I want to make a function which checks a string for occurrences of other strings within them.
However, the sub-strings which are being checked may be interrupted within the main string by other letters.

For instance:

a = 'abcde'
b = 'ace'
c = 'acb'

The function in question should return as b being in a, but not c.

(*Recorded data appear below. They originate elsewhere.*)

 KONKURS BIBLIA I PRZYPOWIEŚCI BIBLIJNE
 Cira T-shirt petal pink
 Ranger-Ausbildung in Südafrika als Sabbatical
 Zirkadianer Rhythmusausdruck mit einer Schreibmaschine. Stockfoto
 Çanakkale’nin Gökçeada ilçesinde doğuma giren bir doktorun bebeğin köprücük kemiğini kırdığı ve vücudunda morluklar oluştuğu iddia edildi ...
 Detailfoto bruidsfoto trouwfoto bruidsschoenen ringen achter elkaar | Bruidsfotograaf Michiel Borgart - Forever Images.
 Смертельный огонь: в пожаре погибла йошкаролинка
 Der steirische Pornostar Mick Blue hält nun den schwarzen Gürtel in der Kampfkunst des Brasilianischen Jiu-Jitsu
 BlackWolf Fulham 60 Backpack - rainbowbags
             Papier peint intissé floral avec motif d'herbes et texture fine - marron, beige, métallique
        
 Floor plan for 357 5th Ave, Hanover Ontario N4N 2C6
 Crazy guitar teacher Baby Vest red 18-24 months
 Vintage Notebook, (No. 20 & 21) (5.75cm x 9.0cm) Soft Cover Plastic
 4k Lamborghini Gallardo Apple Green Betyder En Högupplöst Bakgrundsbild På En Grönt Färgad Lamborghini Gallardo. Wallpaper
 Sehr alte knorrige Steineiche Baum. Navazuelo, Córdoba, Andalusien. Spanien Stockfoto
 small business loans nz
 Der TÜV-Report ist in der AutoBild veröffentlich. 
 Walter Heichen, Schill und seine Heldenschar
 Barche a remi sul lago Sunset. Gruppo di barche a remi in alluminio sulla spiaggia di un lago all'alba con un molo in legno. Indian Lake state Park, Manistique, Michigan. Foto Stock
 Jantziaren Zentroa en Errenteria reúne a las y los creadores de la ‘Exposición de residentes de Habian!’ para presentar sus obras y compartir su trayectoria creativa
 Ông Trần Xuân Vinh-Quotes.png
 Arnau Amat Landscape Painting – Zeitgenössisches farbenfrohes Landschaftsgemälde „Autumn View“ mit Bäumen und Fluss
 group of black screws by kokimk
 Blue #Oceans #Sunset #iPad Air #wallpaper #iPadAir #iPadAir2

I've tried set(a). intersection(set(b)) already, and my problem with that is that it returns c as being in a.

Prophet
  • 32,350
  • 22
  • 54
  • 79
Anon Not4Chan
  • 61
  • 1
  • 2
  • These type of strings are called [subsequences](http://en.wikipedia.org/wiki/Subsequence) of the longer string. – Lazer Sep 11 '10 at 12:59
  • This question is a special case of http://stackoverflow.com/questions/6877249/find-the-number-of-occurrences-of-a-subsequence-in-a-string The solutions there are much more efficient for solving this case as well. – Andrew Apr 06 '14 at 08:42

3 Answers3

11

You can turn your expected sequence into a regex:

import re

def sequence_in(s1, s2):
    """Does `s1` appear in sequence in `s2`?"""
    pat = ".*".join(s1)
    if re.search(pat, s2):
        return True
    return False

# or, more compactly:
def sequence_in(s1, s2):
    """Does `s1` appear in sequence in `s2`?"""
    return bool(re.search(".*".join(s1), s2))

a = 'abcde' 
b = 'ace' 
c = 'acb'

assert sequence_in(b, a)
assert not sequence_in(c, a)

"ace" gets turned into the regex "a.*c.*e", which finds those three characters in sequence, with possible intervening characters.

Ned Batchelder
  • 364,293
  • 75
  • 561
  • 662
5

how about something like this...

def issubstr(substr, mystr, start_index=0):
    try:
        for letter in substr:
            start_index = mystr.index(letter, start_index) + 1
        return True
    except: return False

or...

def issubstr(substr, mystr, start_index=0):
    for letter in substr:
        start_index = mystr.find(letter, start_index) + 1
        if start_index == 0: return False
    return True
Lord British
  • 405
  • 3
  • 10
3
def issubstr(s1, s2):
    return "".join(x for x in s2 if x in  s1) == s1

>>> issubstr('ace', 'abcde')
True

>>> issubstr('acb', 'abcde')
False
killown
  • 4,497
  • 3
  • 25
  • 29